The ethanol blending requirement emanated from the Renewable Fuel Standard law of 2005 which basically requires refiners to add fuels from renewable sources in increasing amounts each year. Politically it was thought wise to butter up the agricultural industry (Iowa is the first Presidential preference test state) so corn ethanol became the means by which refiners complied with the law.
This mandate went fairly smoothly until refiners proposed to increase the ethanol additive to above 10 percent of a gallon of gas. Car manufacturers responded by announcing that any increase could damage engines and threatened to void car warranties if a higher percentage blend was used.

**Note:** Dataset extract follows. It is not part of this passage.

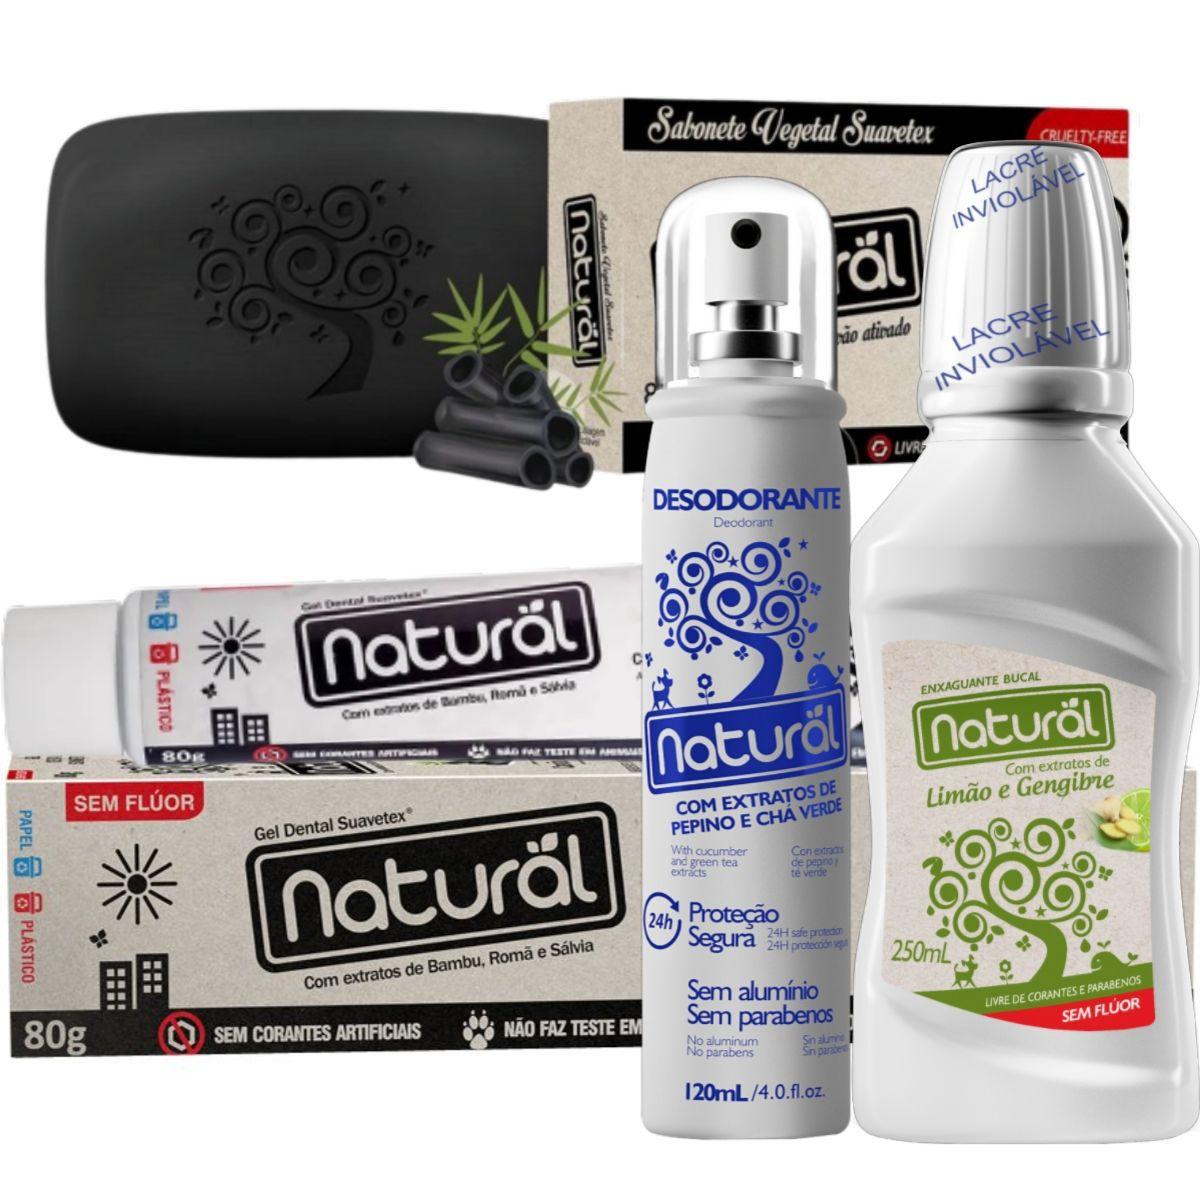 Kit Creme Dental Carvão Ativado 80g + Desodorante Spray 120ml + Enxaguante Bucal 250ml + Sabonete Carvão Ativado 80gr - Orgânico Natural

That energized the petroleum industry into lobbying for a reduction or repeal of the ethanol mandate. With the advent of higher efficiency vehicles consumption of gasoline has fallen. The ethanol mandate essentially deprived big oil of 10 percent of a declining market. Both Oklahoma and California are big oil producing states so the special interest pressure engaged the attentions of Coburn and Feinstein, both pinnacles of respect in the Senate.

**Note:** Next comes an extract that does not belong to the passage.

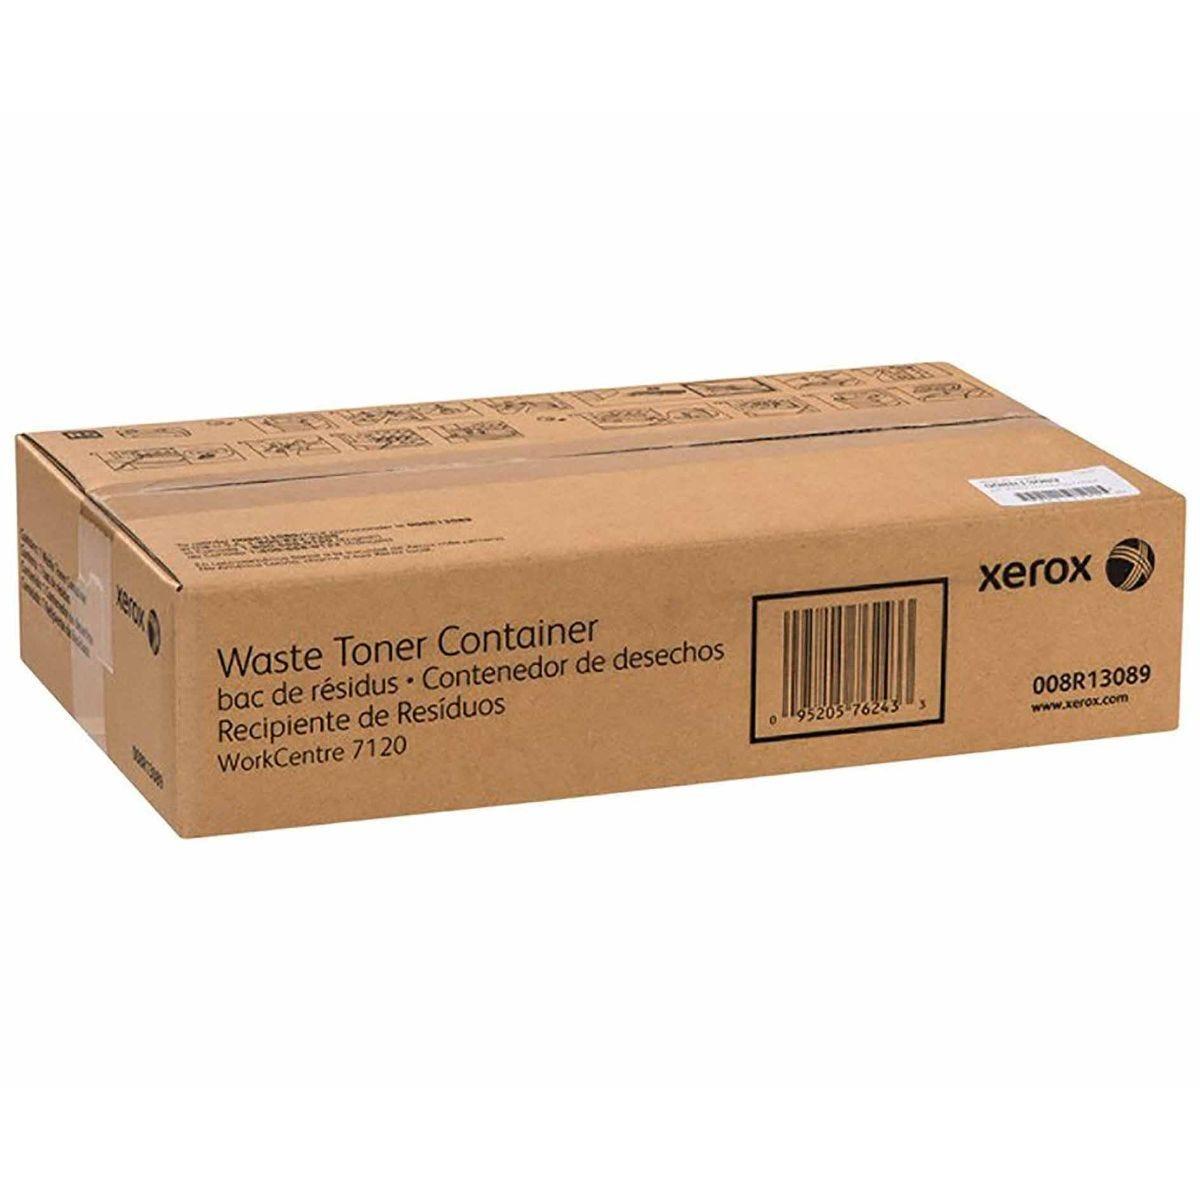 Xerox 7120 Waste Cartridge

It was not a hard sell. 44 percent of corn production has been going into auto fuels artificially inflating food and feed prices while not helping the environment. Also the Renewable Fuel Standard law requires an annually increasing percentage of domestic fuels to be from a renewable source and at 10 percent we have reached a “blend wall” beyond which automotive engines are endangered.
If passed by Congress and signed by the President the Corn Ethanol Mandate Elimination Act of 2013 will leave in place the renewable fuels standard but eliminate the mandate that corn ethanol be used. In Brazil, for example, they blend sugar alcohol into their fuels. Corn ethanol may still be used to comply with the law but it will not be mandated and it will have to compete with other products on the open market.
Cosponsors of the bill include Richard Burr, R-N.C., Susan Collins, R-Maine, Bob Corker, R-Tenn., Jay Hagen, D-N.C., Jeff Flake, R-Ariz., Joe Manchin, D-W.Va., and Jim Risch, R-Idaho, lawmakers representing a broad range on the political spectrum.
The proposal has strong support from the prepared food industry, dairy, beef, poultry, oil and gas, engine manufacturers, boaters, hunger relief organizations and environmental groups, an equally broad range of interest groups.
If you like reasonably priced bourbon or corn tortillas you should welcome this measure. Gannett News Service just reported that beef prices are expected to rise 3 percent to 6 percent next year. Maybe repeal of the mandate will reduce pressures on beef prices.
Repeal is opposed by corn growers who have prospered under the mandate. Their political arm, Fuels America, claims that elimination of the mandate will destroy the entire renewable fuels industry, including research into cellulosic fuels which Feinstein claims to support. I guess we’ll have to wait and see.